O comité tecnocrático de 15 membros, denominado Comité Nacional para a Administração de Gaza, irá gerir a governação quotidiana, mas deixa por resolver questões políticas e de segurança mais amplas, incluindo a questão da retirada de Israel do enclave no pós-guerra.
Ali Shaath, ex-vice-ministro da Autoridade Palestina com sede em Ramallah, foi nomeado para liderar o comitê, que agora se reúne no Egito para iniciar os preparativos para a entrada no território, de acordo com a reportagem da agência de notícias AFP citando a televisão estatal egípcia.
Numa entrevista recente, Shaath disse que o comité confiaria “em cérebros em vez de armas” e não se coordenaria com grupos armados.
‘Um passo na direção certa’
No entanto, Bassem Naim, alto funcionário do Hamas, saudou a criação do comité na quinta-feira, chamando-o de “um passo na direção certa” e sinalizando que o grupo armado estava pronto para entregar a administração de Gaza.
“Isto é crucial para consolidar o cessar-fogo, prevenir o regresso à guerra, enfrentar a crise humanitária catastrófica e preparar uma reconstrução abrangente”, disse ele.
“A bola está agora no campo dos mediadores, do fiador americano e da comunidade internacional para capacitar o comité”, acrescentou.
Espera-se que o Conselho de Paz proposto pelos EUA seja liderado no terreno pelo diplomata e político búlgaro Nickolay Mladenov.
A agência de notícias Reuters informou que convites foram enviados na quarta-feira a potenciais membros do Conselho de Paz selecionados pessoalmente por Trump.
‘Restos humanos’ nos escombros
A primeira fase do plano de Trump começou em 10 de Outubro e incluiu um cessar-fogo completo, a troca de cativos israelitas por prisioneiros palestinianos e um aumento da ajuda humanitária a Gaza.
No entanto, com Israel a manter um controlo sobre os fornecimentos que entram no enclave, quase todos os mais de 2 milhões de habitantes do território lutam agora para sobreviver ao Inverno em casas improvisadas ou edifícios danificados.
Como disse al-Khalili da Al Jazeera, “a situação vai de mal a pior para centenas de milhares de palestinianos deslocados que ouviram falar do anúncio da segunda fase do cessar-fogo, (sem) nada implementado no terreno”.

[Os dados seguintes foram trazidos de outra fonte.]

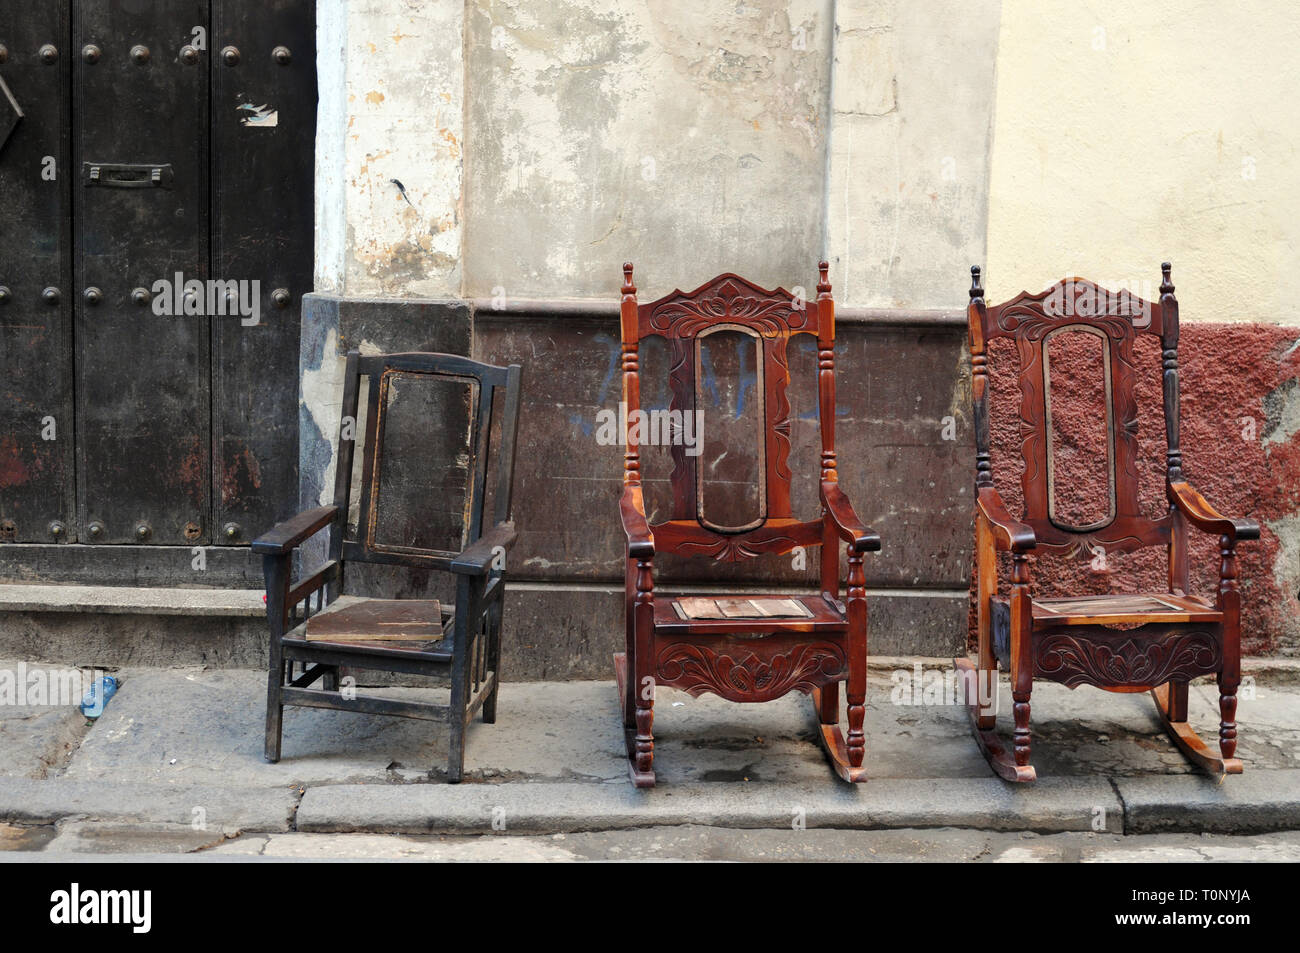 Three wooden chairs sit on a sidewalk in front of a building in Old Havana, Cuba. Stock Photo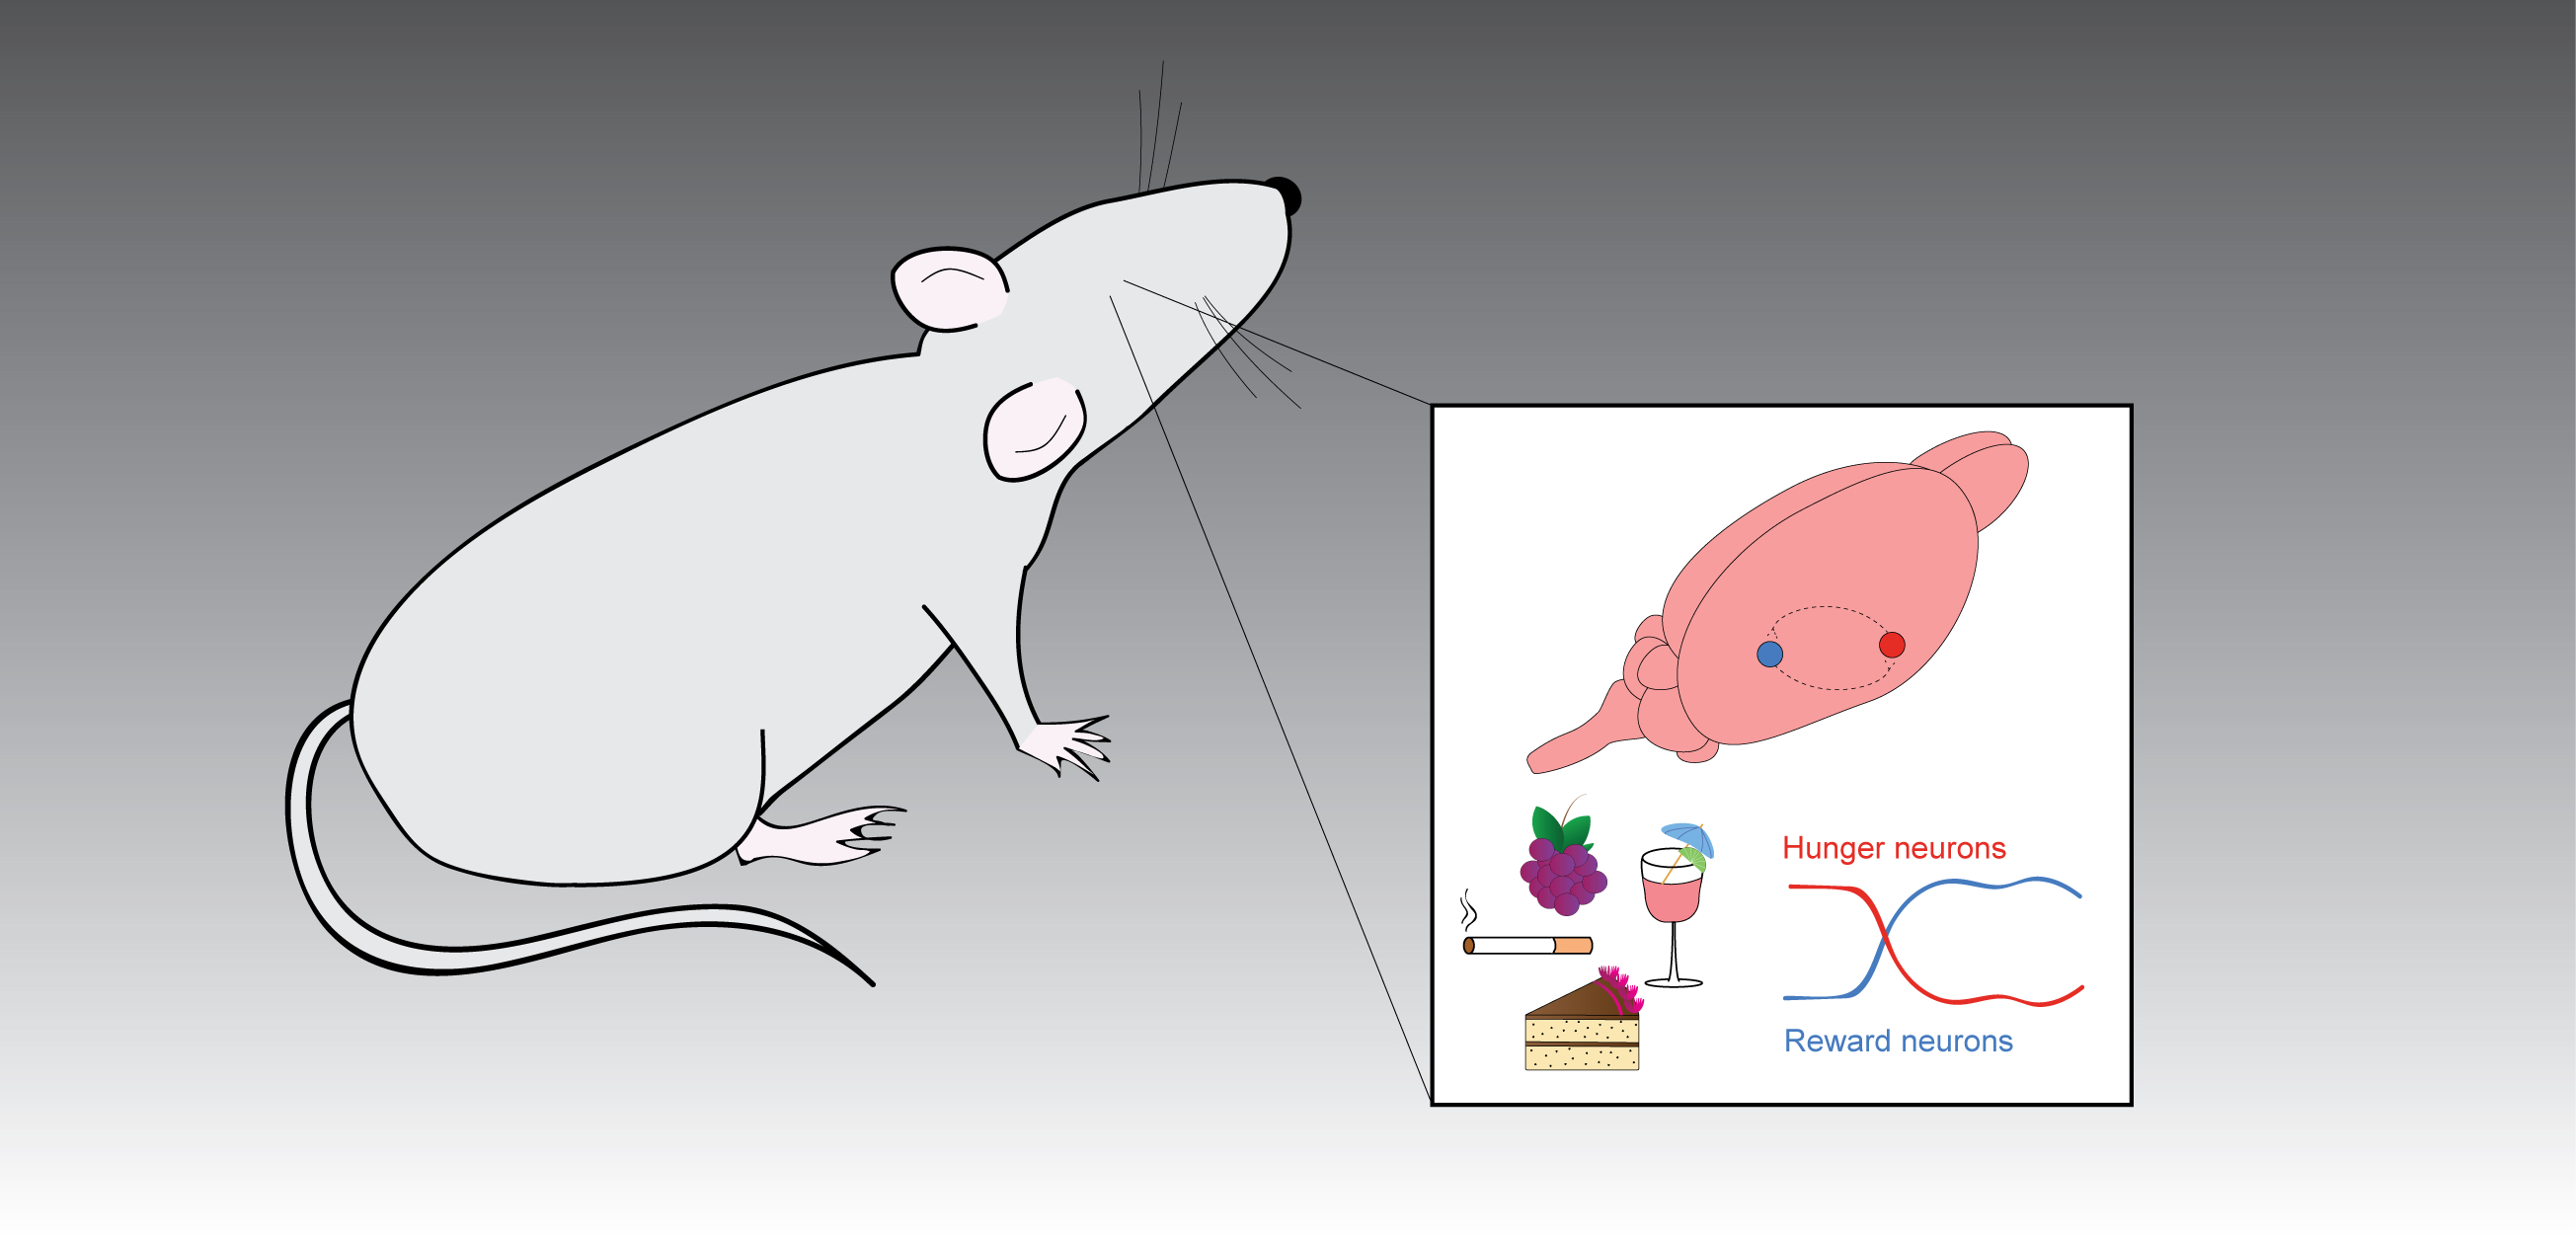 illustration of a mouse with an inset showing its brain, a cigarette, alcohol and chocolate cake and graph showing a connection between hunger and reward neurons

Jorge Moreira da Silva, chefe do Gabinete das Nações Unidas para Serviços de Projectos (UNOPS), disse que as condições eram “desumanas” e apelou a uma aceleração dos trabalhos de reconstrução. “Mal podemos esperar, não podemos procrastinar”, disse ele na quinta-feira, após uma visita ao território.
Da Silva disse que o lançamento da segunda fase do plano de trégua em Gaza marcou uma oportunidade “histórica” para iniciar os esforços de reconstrução, que, segundo ele, exigiriam 52 mil milhões de dólares, de acordo com uma avaliação realizada pelo Banco Mundial, pela ONU e pela Comissão Europeia.
Na segunda fase, Shaath disse que o comité se concentraria em fornecer ajuda urgente a Gaza, anunciando que traria escavadoras para “empurrar os escombros para o mar e criar novas ilhas, novas terras”.
De acordo com Shaath, o ataque em grande escala de Israel a Gaza deixou cerca de 60 milhões de toneladas de escombros espalhados pelo enclave, “com munições não detonadas nos escombros, resíduos perigosos e, infelizmente, também restos humanos”.
A guerra genocida de Israel em Gaza matou pelo menos 71.441 palestinos desde que eclodiu em 7 de outubro de 2023.